Таблица 1: Список белков, идентифицированных в экстракте ткани митрального клапана при применении четырех различных протеомических подходов: двухмерный электрофорез (2-DE), двумерный LC-MS E (2D-LC / MS E ), LC / MS E и жидкофазный IEF. Сообщается о способе идентификации каждого белка.

Subscription Required. Please recommend JoVE to your librarian.

Discussion

or Start trial to access full content. Learn more about your institution’s access to JoVE content here

Одним из важных шагов этого протокола является использование жидкого азота для замораживания образца и охлаждения системы измельчителя. Использование жидкого азота предотвращает биологическую деградацию и позволяет эффективно напылять, но требует специальной подготовки для безопасного обращения.

В этом протоколе представлена ​​система измельчителя для шлифования образцов, поскольку небольшие образцы трудно восстановить из стандартных растворов и пестиков.

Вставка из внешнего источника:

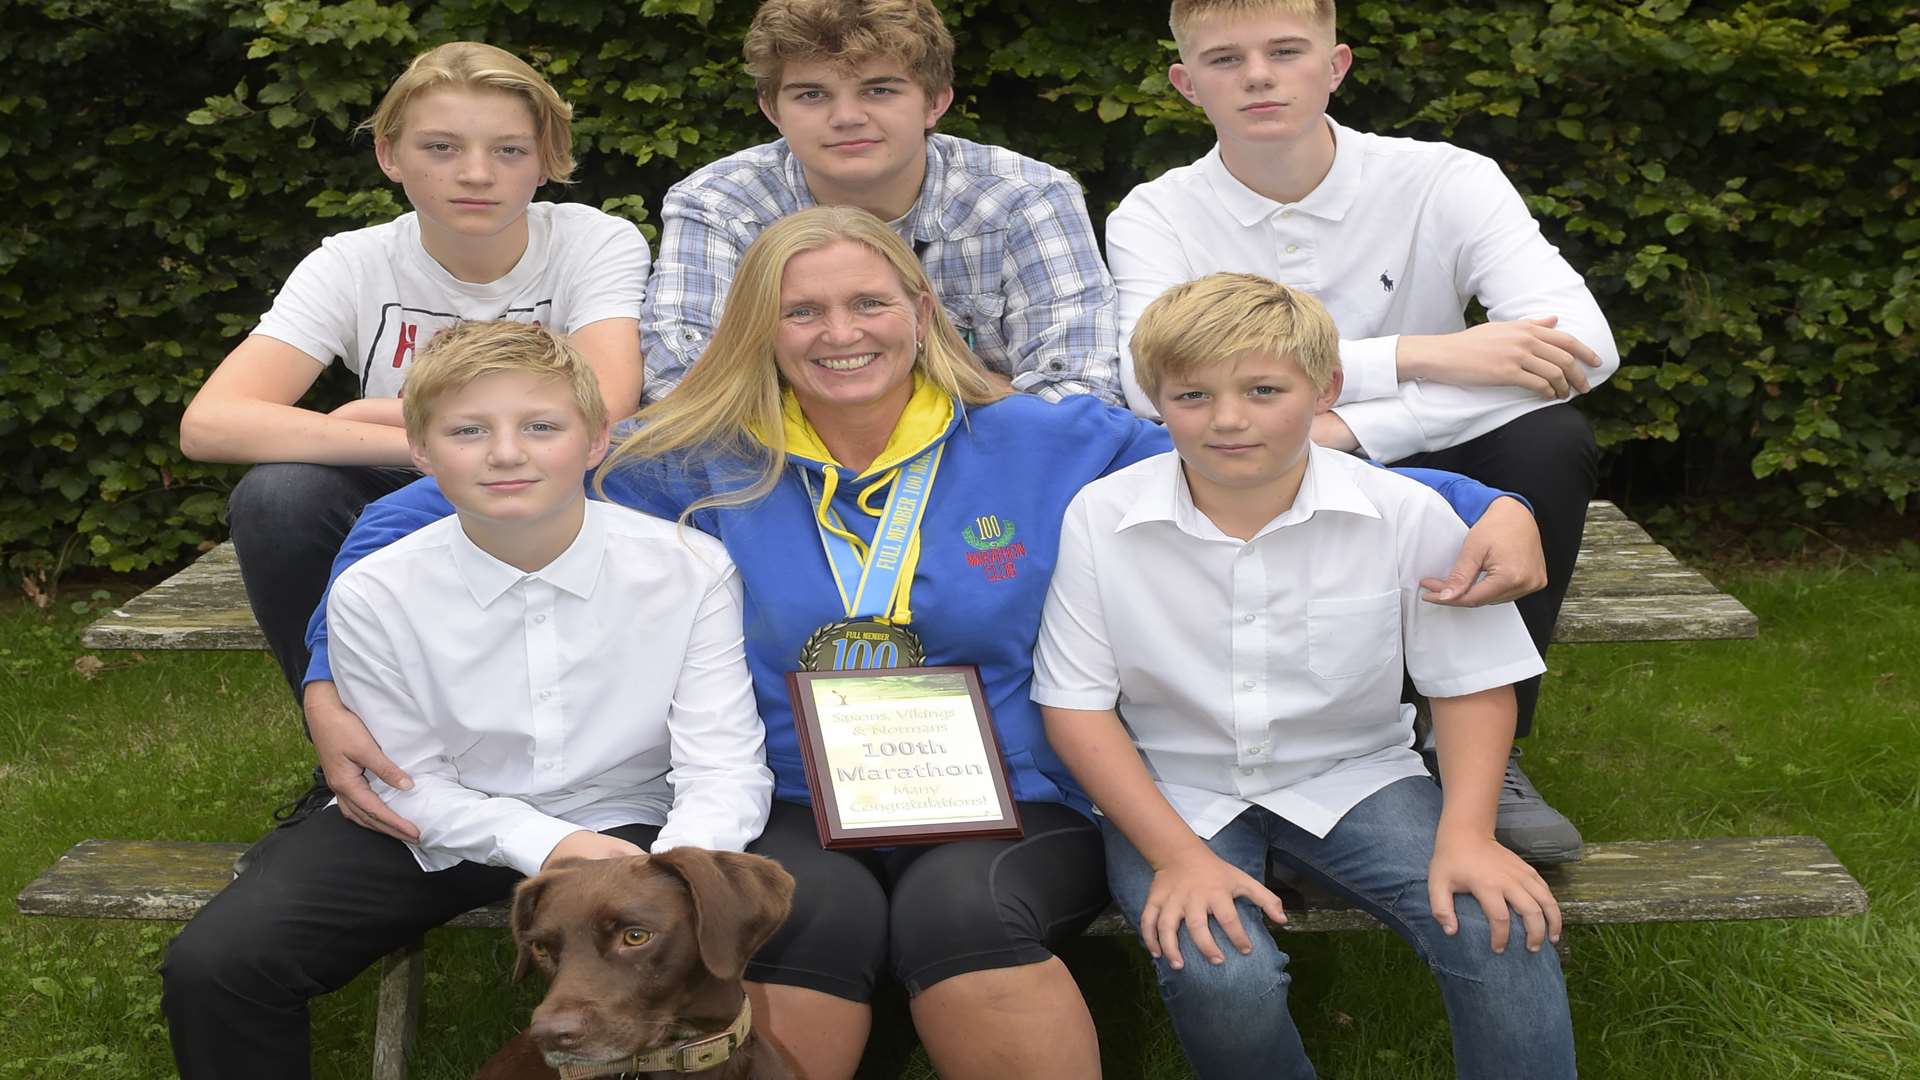 Debbie Sterling, with Harvey aged 13, Angus aged 18, Jay aged 15, Guy aged 11,and Rufos aged 10

В этом случае небольшие образцы распространяются как мелкий порошок поверх поверхности раствора, что затрудняет сбор. Другим преимуществом является то, что измельчитель моторизирован, что позволяет обрабатывать большее количество образцов воспроизводимым образом и без дополнительной усталости. Одно ограничение на использование дробилки заключается в том, что размер образца, который должен быть небольшим (100 мг или менее) для пестика, эффективно прижиматься к ступке. Кроме того, компоненты шлифовального станка должны быть нагреты до комнатной температуры между использованием для очистки г. Следовательно, процедура занимает много времени, и, если многие образцы обрабатываются ежедневно, требуется множество наборов.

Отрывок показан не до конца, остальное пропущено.